I am developing a row level database encryption scheme. Ideally I would not do this and instead rely on something vetted, but I haven't been able to find such a scheme online.
My primary concerns are:
- A database dump leaking.
- Somebody unauthorized gets access to the database server.
- Authorized personell with access to the database server being able to read confidential data without first going through my web application which performs audit logging, etc.
Algorithm wise I am currently using AES-256-GCM for encryption and a SHA-512 HKDF to derive keys for each row using a single 'master key'. The master key is 32 bytes generated by a CSPRNG.
To facilitate key rotation without downtime, I store a master key version identifier with the encrypted data. On rotation, a new key and its version are added to the application configuration. Encryption operations then use the new key, while decryption remains possible for rows encrypted with the old key. Rows are re-encrypted in the background, allowing for the retirement of the old key once finished.
Here's an example table layout in the database using my scheme:
| Id | EncryptedData |
|---|---|
1 |
v5;<base64 encoded encrypted JSON> |
2 |
v4;<base64 encoded encrypted JSON> |
(v4 and v5 here are the master key versions)
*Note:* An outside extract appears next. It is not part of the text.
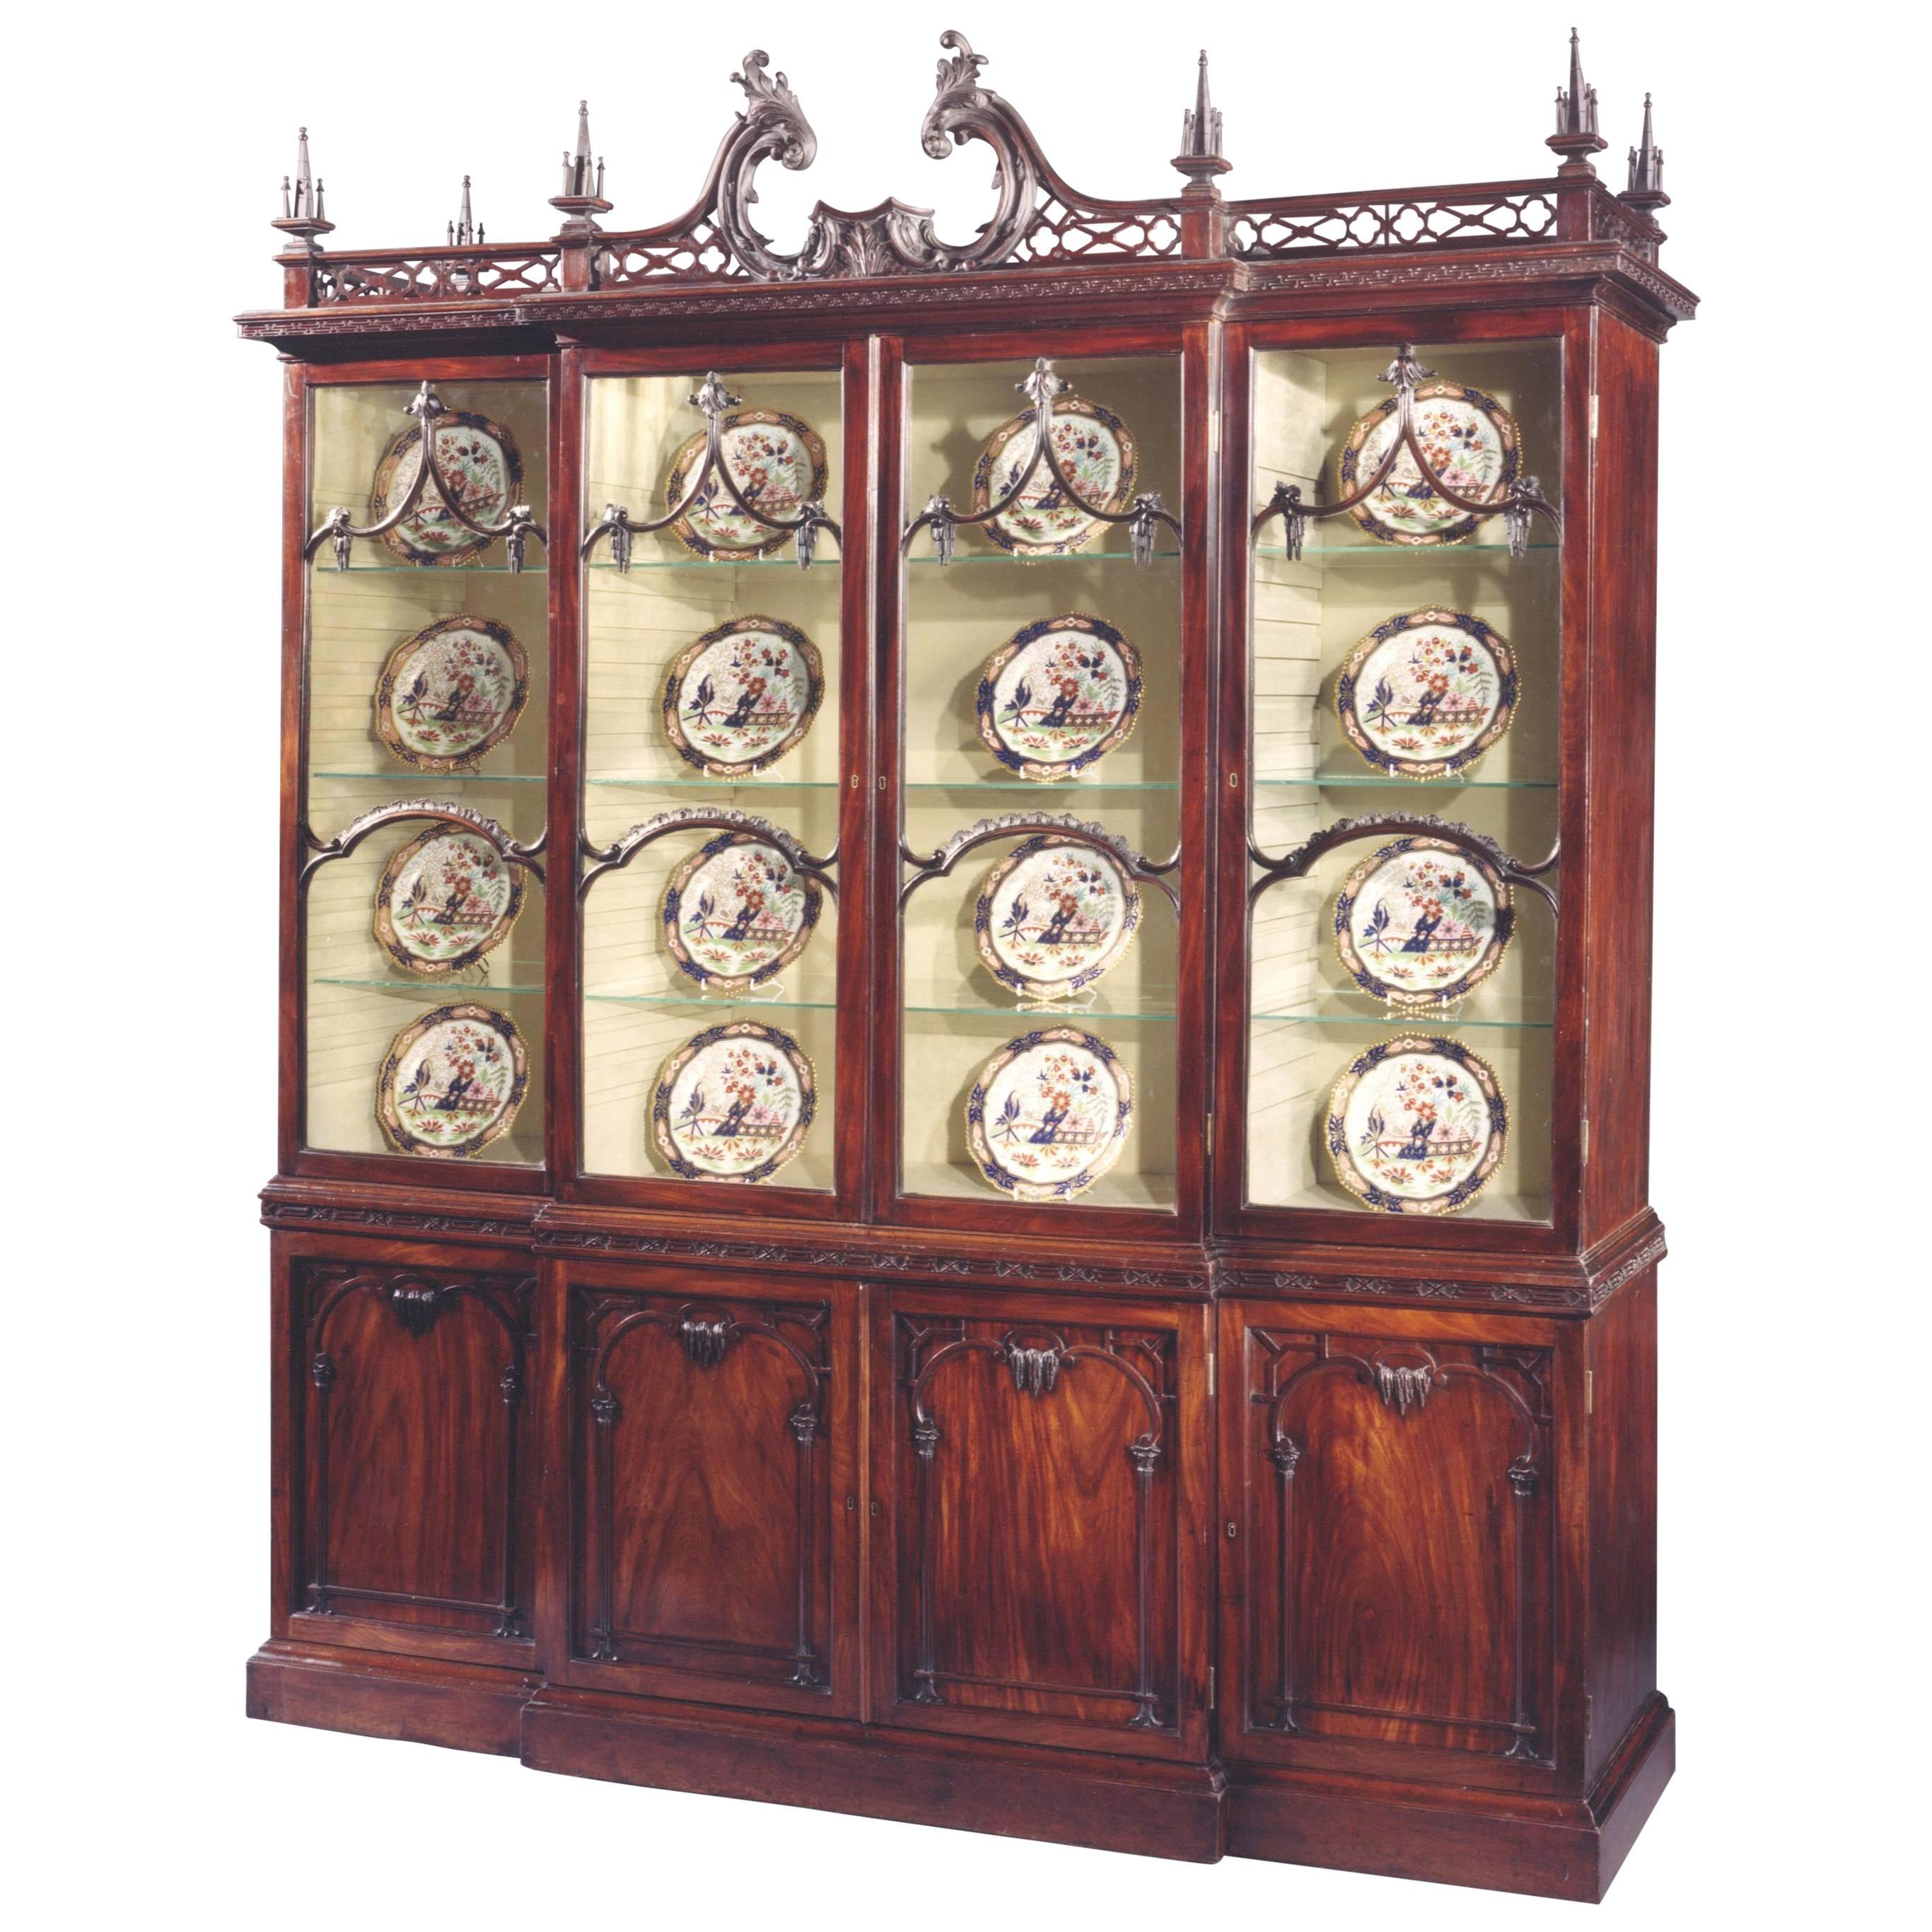 Important George II Mahogany China Cabinet to a Design by Thomas Chippendale For Sale

To derive a row key I do the following:
RowKey = HKDF(hash: SHA512, ikm: MasterKey, outputLen: AES_256_GCM_KEY_LEN, salt: SHA512(RowId), info: TableName)
The resulting row key is then used to encrypt data as follows:
Ciphertext, Tag = AES-256-GCM(RowKey, Nonce, Plaintext)
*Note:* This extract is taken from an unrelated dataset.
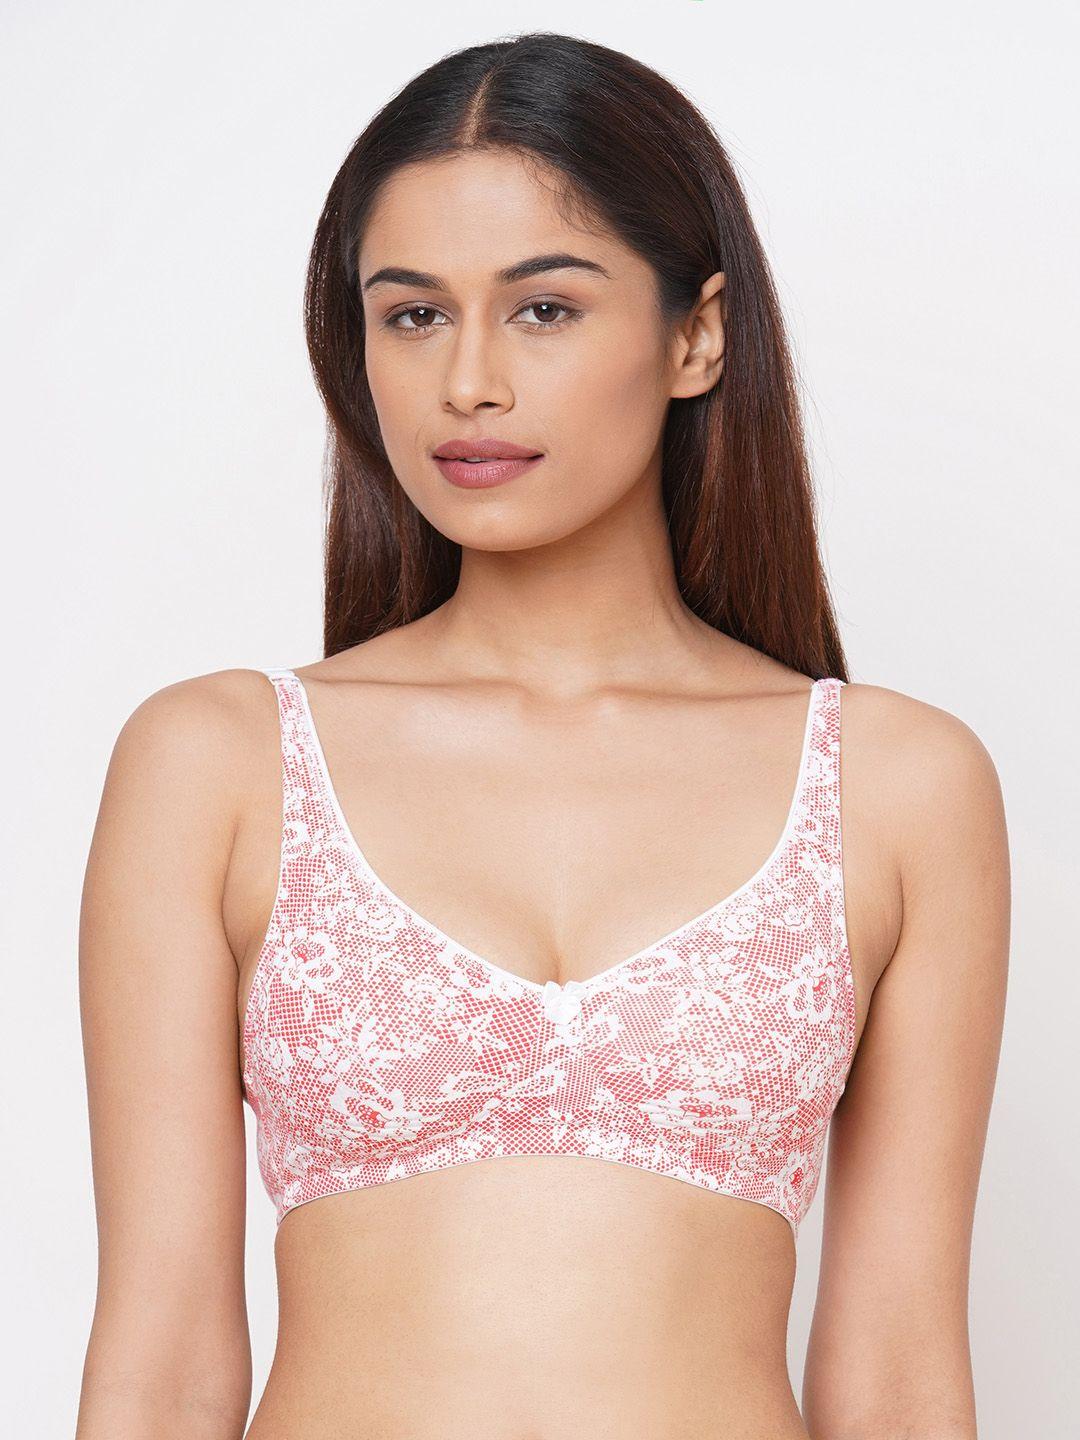 inner sense white & red printed organic cotton antimicrobial sustainable side support bra isb057

The nonce used above is 12 bytes generated by a CSPRNG. I generate a new nonce for every encryption operation.
For final serialization into the EncryptedData column I simply Base64 encode the concatenated ciphertext, nonce, and tag. I then prepend the master key version identifier and a semicolon.
Questions:
- Are there any glaring security flaws in this approach?
- Is there any prebuilt scheme I can use instead rolling my own?
- Am I using the HKDF correctly? I'm not sure if the salt & info parameters are being correctly used.
- Is there any benefit to hashing the row id before using it as the salt?
- Is SHA-512 overkill or would I be fine using SHA-256?
Thanks for reading, I greatly appreciate any insights and suggestions!